# Provided information
╔══

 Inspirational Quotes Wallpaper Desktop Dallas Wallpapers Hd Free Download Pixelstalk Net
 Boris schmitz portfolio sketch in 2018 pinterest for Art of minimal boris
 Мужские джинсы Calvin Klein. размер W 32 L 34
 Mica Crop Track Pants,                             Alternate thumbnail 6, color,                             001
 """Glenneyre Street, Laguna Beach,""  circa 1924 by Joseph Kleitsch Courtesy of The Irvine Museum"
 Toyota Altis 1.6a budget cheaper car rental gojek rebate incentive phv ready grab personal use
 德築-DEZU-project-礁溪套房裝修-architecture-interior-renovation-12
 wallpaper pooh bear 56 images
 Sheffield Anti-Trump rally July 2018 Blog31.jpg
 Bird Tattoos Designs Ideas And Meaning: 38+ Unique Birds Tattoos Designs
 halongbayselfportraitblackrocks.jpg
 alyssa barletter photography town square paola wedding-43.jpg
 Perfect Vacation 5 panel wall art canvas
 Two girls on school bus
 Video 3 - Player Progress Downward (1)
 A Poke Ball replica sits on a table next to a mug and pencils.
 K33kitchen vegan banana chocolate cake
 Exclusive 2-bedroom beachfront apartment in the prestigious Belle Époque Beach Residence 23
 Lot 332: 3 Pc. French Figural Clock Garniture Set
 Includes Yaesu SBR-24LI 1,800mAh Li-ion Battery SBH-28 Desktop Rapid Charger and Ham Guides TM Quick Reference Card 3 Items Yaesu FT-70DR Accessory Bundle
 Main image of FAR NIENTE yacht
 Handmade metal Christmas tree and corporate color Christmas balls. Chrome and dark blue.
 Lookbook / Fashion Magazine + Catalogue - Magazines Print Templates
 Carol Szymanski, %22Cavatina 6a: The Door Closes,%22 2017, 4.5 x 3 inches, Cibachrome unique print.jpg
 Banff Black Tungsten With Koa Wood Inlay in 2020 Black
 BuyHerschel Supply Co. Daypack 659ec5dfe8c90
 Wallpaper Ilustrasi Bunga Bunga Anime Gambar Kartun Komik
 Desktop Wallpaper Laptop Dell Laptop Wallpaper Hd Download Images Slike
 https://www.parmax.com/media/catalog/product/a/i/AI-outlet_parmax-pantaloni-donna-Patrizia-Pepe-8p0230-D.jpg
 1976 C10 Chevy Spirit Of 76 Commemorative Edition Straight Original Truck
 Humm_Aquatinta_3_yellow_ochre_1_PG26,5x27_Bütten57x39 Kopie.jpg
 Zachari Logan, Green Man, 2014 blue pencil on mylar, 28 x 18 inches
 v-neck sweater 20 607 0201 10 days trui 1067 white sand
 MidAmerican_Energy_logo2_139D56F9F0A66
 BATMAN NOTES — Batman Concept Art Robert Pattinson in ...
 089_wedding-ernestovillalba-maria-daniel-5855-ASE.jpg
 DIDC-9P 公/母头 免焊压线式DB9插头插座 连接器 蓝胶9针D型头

╚══

# What the task requires
Transcribe, exactly and without additions, the lines of the records above, beginning with the line that contains "Toyota Altis 1.6a" and ending with the line that contains "Desktop Wallpaper Laptop", both included.

# Solution
 Toyota Altis 1.6a budget cheaper car rental gojek rebate incentive phv ready grab personal use
 德築-DEZU-project-礁溪套房裝修-architecture-interior-renovation-12
 wallpaper pooh bear 56 images
 Sheffield Anti-Trump rally July 2018 Blog31.jpg
 Bird Tattoos Designs Ideas And Meaning: 38+ Unique Birds Tattoos Designs
 halongbayselfportraitblackrocks.jpg
 alyssa barletter photography town square paola wedding-43.jpg
 Perfect Vacation 5 panel wall art canvas
 Two girls on school bus
 Video 3 - Player Progress Downward (1)
 A Poke Ball replica sits on a table next to a mug and pencils.
 K33kitchen vegan banana chocolate cake
 Exclusive 2-bedroom beachfront apartment in the prestigious Belle Époque Beach Residence 23
 Lot 332: 3 Pc. French Figural Clock Garniture Set
 Includes Yaesu SBR-24LI 1,800mAh Li-ion Battery SBH-28 Desktop Rapid Charger and Ham Guides TM Quick Reference Card 3 Items Yaesu FT-70DR Accessory Bundle
 Main image of FAR NIENTE yacht
 Handmade metal Christmas tree and corporate color Christmas balls. Chrome and dark blue.
 Lookbook / Fashion Magazine + Catalogue - Magazines Print Templates
 Carol Szymanski, %22Cavatina 6a: The Door Closes,%22 2017, 4.5 x 3 inches, Cibachrome unique print.jpg
 Banff Black Tungsten With Koa Wood Inlay in 2020 Black
 BuyHerschel Supply Co. Daypack 659ec5dfe8c90
 Wallpaper Ilustrasi Bunga Bunga Anime Gambar Kartun Komik
 Desktop Wallpaper Laptop Dell Laptop Wallpaper Hd Download Images Slike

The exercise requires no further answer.